В круге первом (т.2), стр. 62

Хотя было четыре часа дня, но в Вакуумной, всегда тёмной, давно горел верхний свет. Начальник Вакуумной отсутствовал, и трубку взяла Клара. Она позже обычного, только сейчас, пришла на вечернее дежурство, разговаривала с Тамарой, а на Руську не посмотрела ни разу, хотя Руська не спускал с неё пламенного взгляда. Трубку телефона она взяла рукою в ещё не снятой алой перчатке, отвечала в трубку потупясь, а Руська стал за своим насосом, в трёх шагах от неё, и впился в её лицо. Он думал, как сегодня вечером, когда все уйдут на ужин, охватит эту голову и будет целовать. От близости Клары он терял ощущение окружающего.

Она подняла глаза (не искала его, чувствовала, что он здесь!) и сказала:

— Ростислав Вадимович! Вас Антон Николаевич вызывает срочно.

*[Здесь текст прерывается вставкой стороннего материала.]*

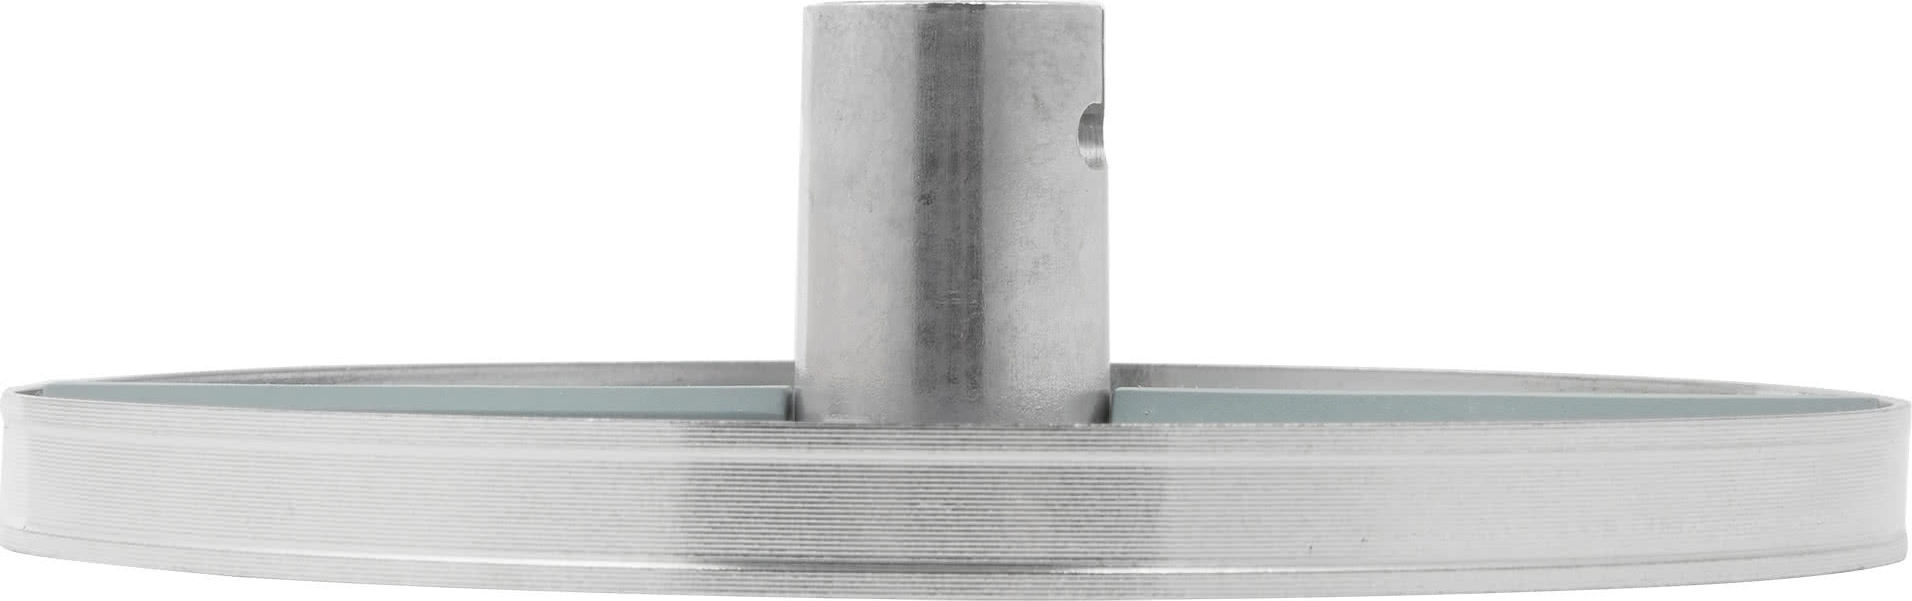 Диск-соломка Robot Coupe 27072(2x4мм) - 3

Их видели и слышали, и нельзя было сказать иначе, — но глаза её были уже не те глаза! Их подменили! Какой-то безжизненный туск наплыл на них…

Подчиняясь механически и не думая, что бы мог значить неожиданный вызов к инженер-полковнику, — Руська шёл и думал только о её выражении. Ещё из дверей он обернулся на неё — увидел, что она смотрела ему вслед и тотчас отвела глаза.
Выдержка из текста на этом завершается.